Visits: 82
Atyrau, satu nama kota di negara Kazakstan. Tak pernah sebelumnya aku bermimpi akan menginjakkan kaki di tempat yang jauh ini. Kazakstan adalah suatu negera, yang sebelumnya merupakan bagian dari Uni Sovyet, yang kemudian merdeka, berdiri sendiri. Di negara ini juga terdapat pangkalan peluncuran pesawat luar angkasa Uni Sovyet. Dan dari banyak keistimewaan negara ini, yang paling aku kagumi adalah ekstremnya cuaca, dinginnya yang luar biasa di winter, di bulan Januari 2009 saat aku berada di Atyrau. Dan satu keunikan lagi adalah terbelahnya kota Atyrau menjadi dua bagian oleh sungai Ural, yang merupakan batas dari benua Asia dan benua Eropa. Jadi ada bagian dari kota Atyrau yang merupakan bagian dari benua Asia, dan satu sisi lain sebagai bagian dari benua Eropa.

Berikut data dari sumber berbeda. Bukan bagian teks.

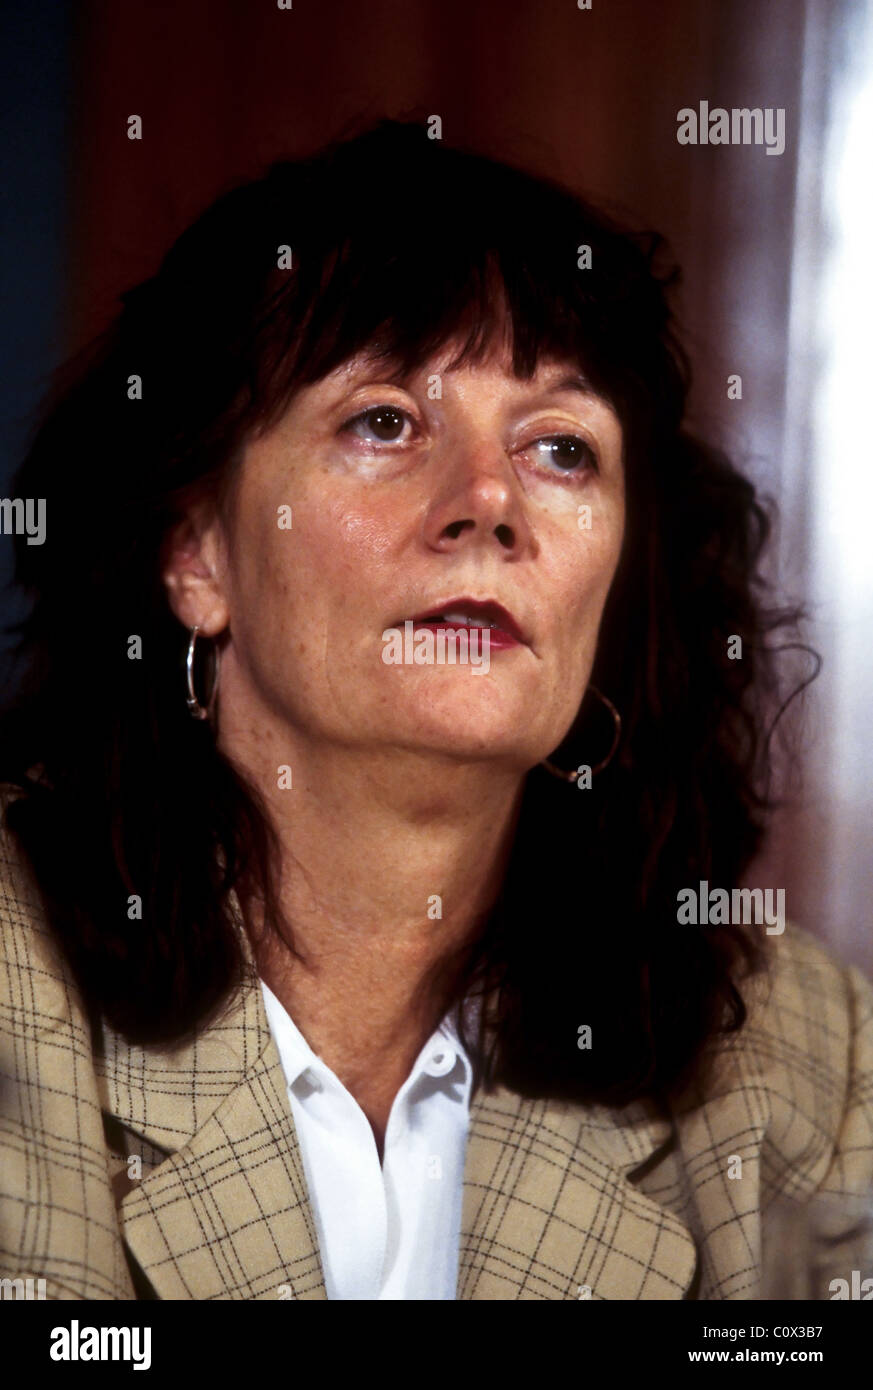 IRA Representative to the US Mairead Keane in Washington, DC. September 3, 1997 - Stock Image

Di bulan Januari 2009 bersama mbak InungĀ dalam rangka memfasilitasi dua buah kelas manajemen projek metodologi bagi para karyawan perusahaan di Atyrau, saya berkesempatan untuk datang di Atyrau selama dua minggu. Negara ini sangat menarik, dari penduduknya, saya melihat ada dua bagian “suku” besar, yaitu sebagian ras seperti orang Rusia, dan satu bagian lagi seperti orang Mongolia, sekilas seperti orang bule dan orang Tionghoa. Cukup mencolok perbedaannya. Bahasa yang digunakan juga terbagi menjadi dua bahasa besar, yaitu bahasa Rusia dan bahasa Kazakstan. Di dalam kelas saat pelatihan disediakan seorang penterjemah, yang sekali-sekali menterjemahkan dari bahasa Inggris ke bahasa Rusia/Kazakstan ini…menarik.
Mayoritas penduduk di Kazakstan adalah muslim, namun dari pengamatan sehari-hari kulihat penduduknya belum sereligious penduduk di Indonesia. Dari omong-omong dengan teman-teman dari Kazakstan, karena kegairahan beragama baru lebih muncul sesudah merdeka, belum terlalu lama. Di jalan-jalan masih saya lihat orang minum minuman keras, yang biasa dilakukan di sini karena kondisi cuacanya yang ekstrem dingin.
Saya berkesempatan jalan-jalan, masuk ke pasar tradisionalnya, kondisinya mirip-mirip pasar Besar Solo, bentuk los besar, dan para pedagang menjajakan dagangannya di lapak-lapak di los besar tersebut. Saat pergi ke pasar, sempat di “curigai” polisi, dan diminta menunjukkan pasport. Namun baik-baik saja setelah dilihat-lihat pasportnya.
Di bulan Januari 2009, kondisi udara sangat dingin, apalagi kalau berjalan-jalan di luar, dan diterpa angin. Luar biasa dinginnya. Dan sungai Ural yang lebar sedang membeku. Benar-benar tidak kelihatan lagi airnya, bahkan permukaan sungai Ural bisa digunakan untuk berjalan-jalan seperti halnya satu daratan, dan kulihat ada beberapa mobil berjalan di atas permukaan sungai yang sudah mengeras tersebut.
Juga ada para pemancing yang duduk di atas kursi di tengah-tengah sungai, memancing dengan terlebih dahulu membor permukaan sungai agar bisa menembus ketebalan es, dan mencapai ke permukaan air yang berada di bagian bawah dari lapisan es di sungai tersebut. Saya sempatkan untuk ikut berjalan-jalan di atas permukaan sungai Ural, merasakan berjalan di atas sungai dan berfoto. Bandingkan foto di atas, di mana saya berdiri di atas permukaan sungai yang sudah tidak kelihatan airnya lagi, dengan kondisi sungai Ural di musim panas.
Menikmati Atyrau dalam dua minggu memang sangat menyenangkan, namun membayangkan untuk hidup menetap di Atyrau menjadi sangat berbeda rasanya. Sungguh bersyukur saya tinggal di Indonesia, yang udaranya sepanjang tahun selalu nyaman untuk melakukan banyak aktivitas in door maupun oudoor. Seharusnya kami bangsa Indonesia bisa lebih jauh produktif dan jauh lebih mensyukuri karunia Tuhan yang luar biasa ini. Selamat berkarya.